Jim kept telling me it hadn’t been my fault.  Deep down, I knew he was right.  He was always right.  Sometimes I hated him for it, but only sometimes.  He smoked cigarettes and didn’t care for Kabalevsky and looked ridiculous in a tux; but he was my best friend, so I put up with his shortcomings.  Besides, he could cook as well as he played music, and he never complained when I owed him money.  

But Chris’ suicide had torn some deep hole inside me that even Jim couldn’t fill.  Maybe, if he hadn’t been gay, or I hadn’t had breasts, things might have been different.  If he’d been more than just a friend, he might have kept me from sailing off the deep end.  

But I doubt it.  

Even if I hadn’t spent all of January spiraling down into a black pit of guilt and despair, I’d still have shattered my right hand against Pinky Webster’s jaw in February.  I can’t abide bullies.  Or bigots.  Sometimes you have to draw the line, no matter the pain.  No matter the risk.   

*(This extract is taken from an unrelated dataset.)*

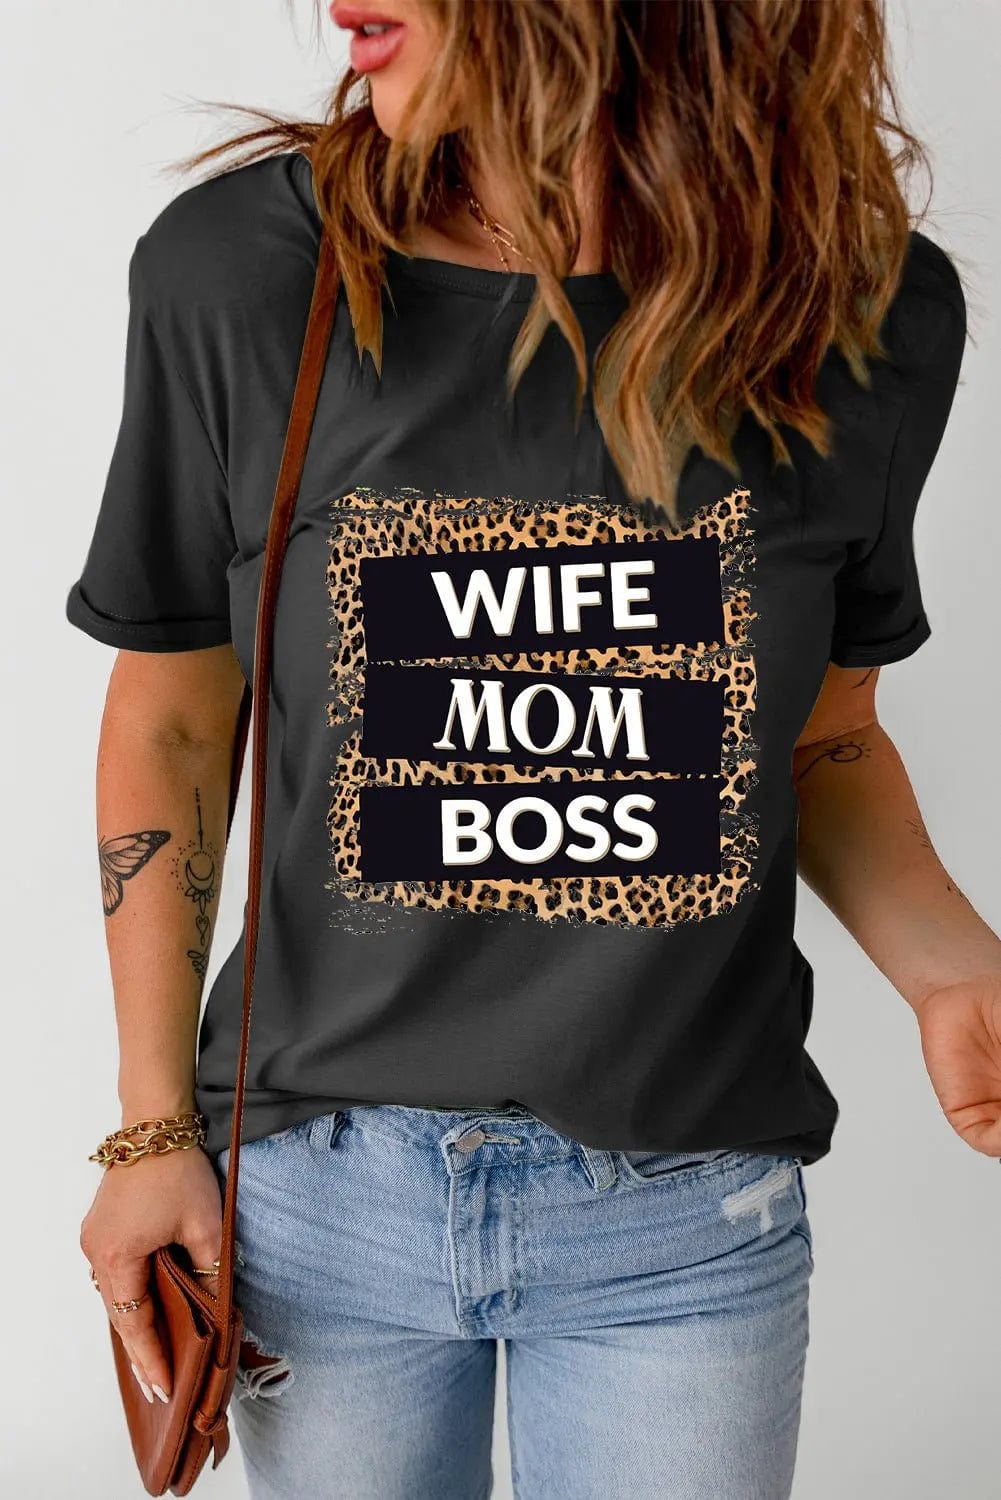 WIFE MOM BOSS Leopard Graphic Tee - CLASSY CLOSET BOUTIQUEWIFE MOM BOSS Leopard Graphic Teetops, shirts100101757551421100101757551421BlackS

I felt sorry for Jim, though.  We’d been playing together for three-and-a-half years, building up a reputation, expanding our repertoire, and the week after we score our first recording deal, I break three metacarpals and get thrown out of school.  

He could have gone solo.  He was good enough.  But, for some stupid reason he stuck by me.  When the V.A. hospital revoked my privileges because I wasn’t a student anymore, Jim got Dr. Vic Balcour, a top-flight orthopedic specialist, to take me on for a nominal fee.  

Jim was like that.  A sucker for lost causes.  He kept throwing me parachutes, hoping to slow my descent.  Or maybe he just couldn’t bear to let the music die.  He kept lining up auditions, even after the University kicked me out and my medical bills had gone to collections.  He just wouldn’t give up on me.  On us.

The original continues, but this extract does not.